This is surely a much simpler and more foolproof method of determining the course curriculum than, oh, contacting the ministry of education in the relevant province, or at the very least requesting a copy of the course's syllabus. 

Yeah, this just boggles my mind.


----------



## ballz (30 Sep 2009)

Well, I tried to register for Math 1000, but the system said I did not qualify to register the class without 1090 as a prerequisite. I contacted the Office of the Registrar from Alberta, they contacted a math prof, I had a short conversation with him, which ended with me faxing off the copy of the table of the contents with my math teacher's (also head of the math department at my high school) contact info and stuff at the school. What he/they did with that I have no idea but I shortly received an email saying to go ahead and register for Math 1000, and the system let me.

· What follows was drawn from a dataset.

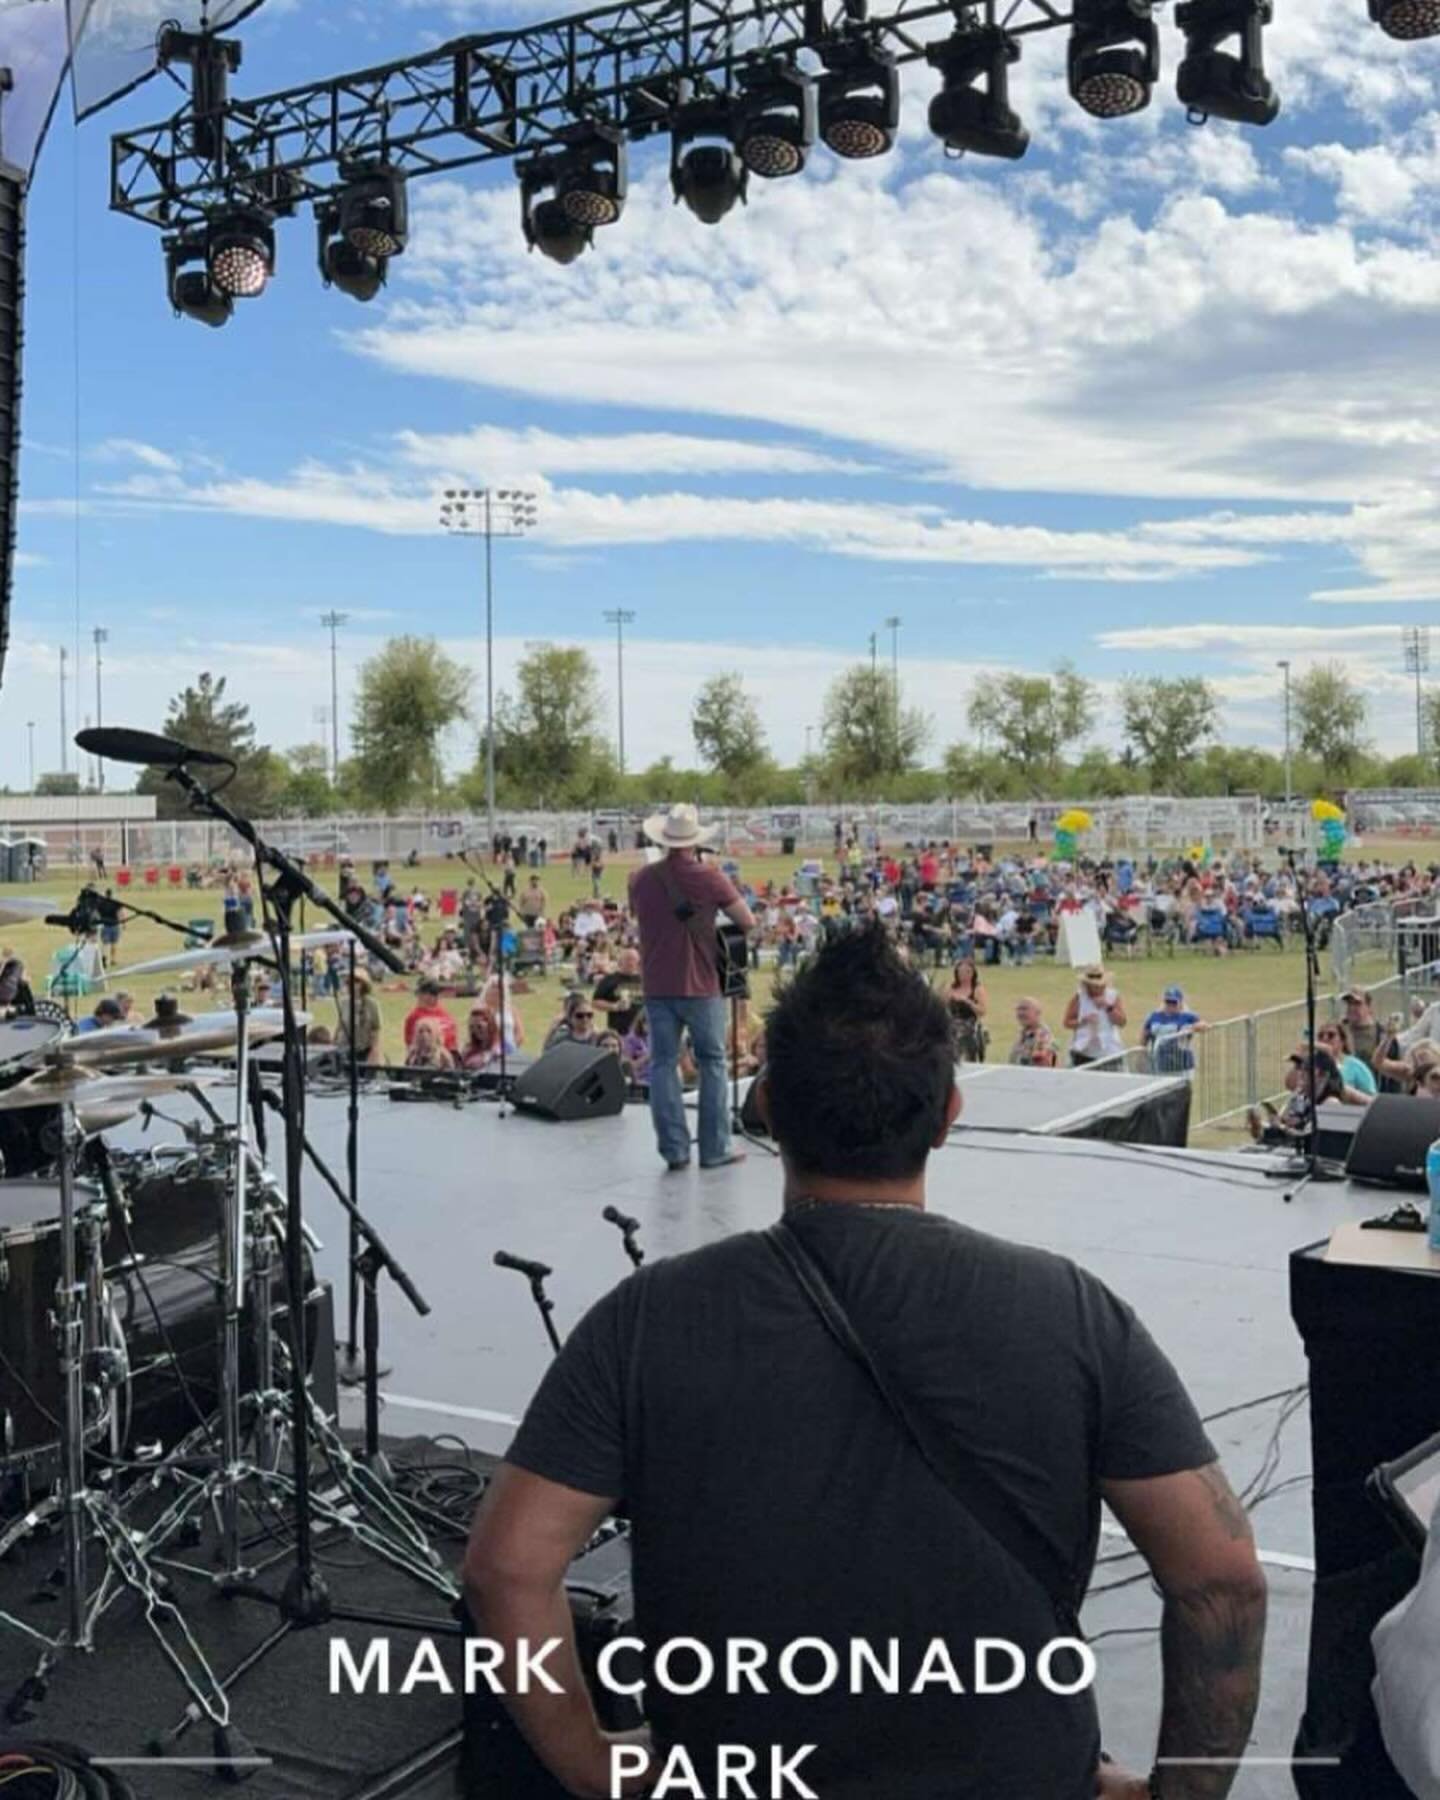 Had a great time jamming in Surprise, Az with @huntleymusic and all the other great musicians and fans at the @outoftheparkmusicfest 🙌🎶 We&rsquo;ll see you next year!!! #musicfestival #livemusic

I didn't think spelling out all the gory details of everything was going to be necessary because some twit had nothing better to do with his time than to try and find a hole in everything I said. But to answer your original question:



			
				gcclarke said:
			
		

> Let me get this straight. MUN didn't have a clue about the level of education in Math in another province, so to resolve the issue, they asked a prospective student to fax in a copy of what that student is claiming is his Math textbook, and they evaluate that accordingly.



Yes.  

I guess they thought it was more efficient to let the student do his own leg work (surely someone on this site could appreciate that) than try and hunt down another Province's Minister of Education to discuss Pte Bloggins Math 30 course from nearly 2 years ago.



			
				gcclarke said:
			
		

> or at the very least requesting a copy of the course's syllabus.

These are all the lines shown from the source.